Amyloid beta (Aβ) and NeuN co‐labelling of the frontoparietal cortices after 6 months (A–C), 12 months (D–F) and 18 months (G–I) in mice brains. Controls (A, D, G) and withdrawal (C, F, I) groups displayed had very little to almost no Aβ deposits.

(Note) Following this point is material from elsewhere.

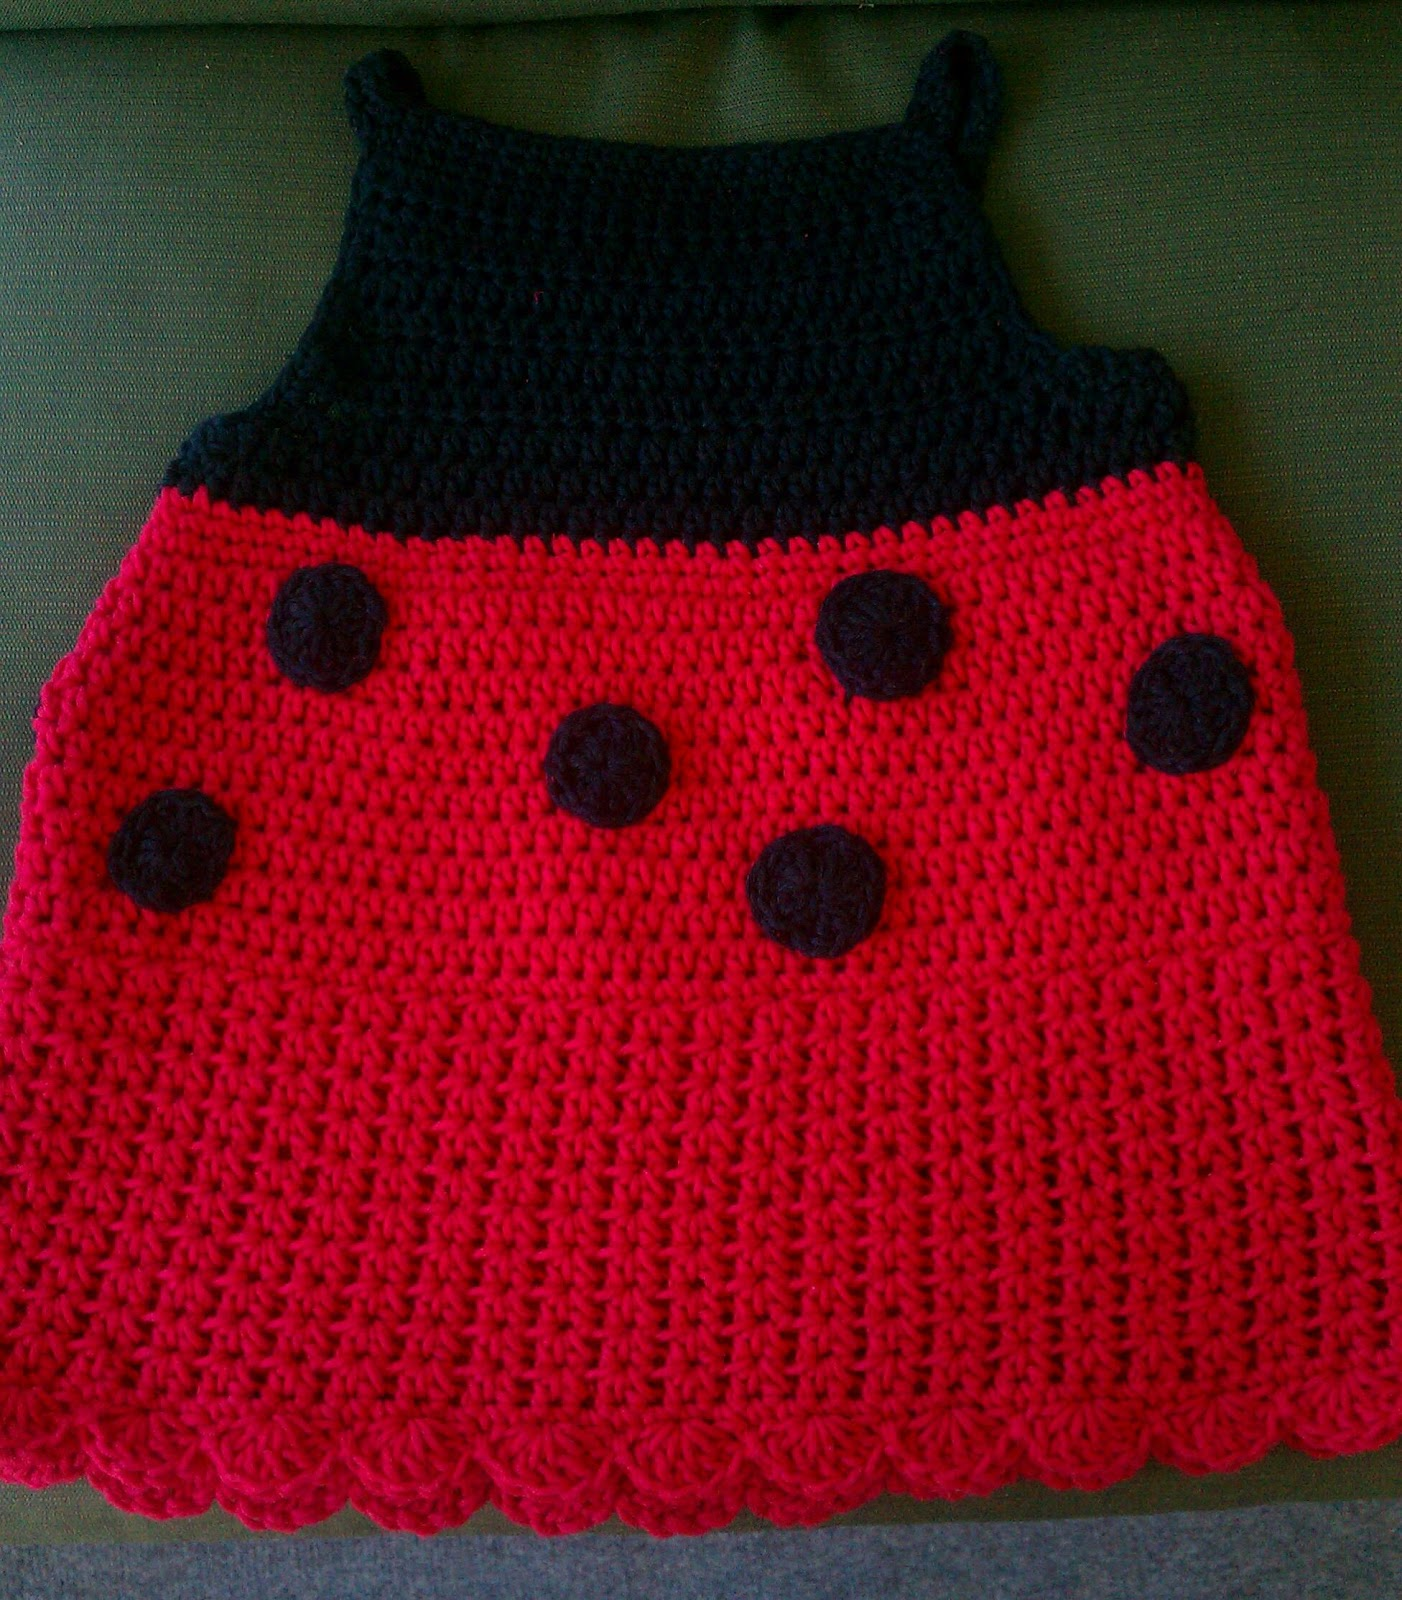 Tw in stitches july 2013 emmys ladybug dress bankloansurffo Choice Image

Marked Aβ deposits were seen in vanadium exposed mice after 6–18 months of chronic vanadium exposure (B, E, H). Colocalization of Aβ immunolabeling with neuronal marker (NeuN) revealed diffuse Aβ deposits and pyramidal cell pathology including pyknosis, cytoplasmic loss and vacuolation. Quantitative analysis of intracellular Aβ aggregates intensities revealed significant levels of Aβ protein aggregation in vanadium exposed compared to control. Aβ aggregates intensities in withdrawal were similar to control group [n = 8 mice/group; intensity analysis = 6 mice; Scale bar, 50 μm; p < 0.05; Normality test (Shapiro–Wilk) = FPC (6 months: p value 0.0356, 12 months: p value 0.0092, 18 months: p value 0.2071) (****p < 0.0001)].

FIGURE 9

Amyloid beta (Aβ) and NeuN co‐labelling of the hippocampal CA3 after 6 months (AC), 12 months (D–F) and 18 months (G–I) in mice brains. Controls (A, D, G) and withdrawal (C, F, I) groups displayed very little to almost no Aβ deposits. Marked Aβ deposits were seen in vanadium‐exposed mice after 6–18 months of chronic vanadium exposure (B, E, H). Colocalization of Aβ immunolabeling with neuronal marker (NeuN) revealed diffuse Aβ deposits and pyramidal cell pathology including pyknosis, cytoplasmic loss, and vacuolation. Quantitative analysis of intracellular Aβ aggregate intensities revealed significant levels of Aβ protein aggregation in vanadium‐exposed compared to control. Aβ aggregate intensities in withdrawal were similar to the control group [n = 8 mice/group; intensity analysis = 6 mice; Scale bar, 50 μm; p < 0.05; Normality test (Shapiro–Wilk) = FPC (6 months: p value 0.0064, 12 months: p value 0.2327, 18 months: p value 0.0116) (****p < 0.0001)].

FIGURE 10

Intraneuronal amyloid beta (Aβ) and NeuN co‐labelling of the hippocampal CA1 after 6 months (A–C), 12 months (D–F) and 18 months (G–I) in mice brains. Controls (A, D, G) and withdrawal (C, F, I) groups displayed very little to almost no Aβ deposits. Diffused intraneuronal Aβ accumulation was seen in vanadium‐exposed mice after 6–18 months of chronic vanadium exposure (B, E, H). Colocalization of Aβ immunolabeling with the neuronal marker (NeuN) revealed pyramidal cell pathology including pyknosis and cytoplasmic loss at the anatomical site of Aβ deposition [(n = 8 mice/group; intensity analysis = 6 mice; Scale bar, 50 μm; p < 0.05) (*p < 0.05; ***p < 0.001; ****p < 0.0001)].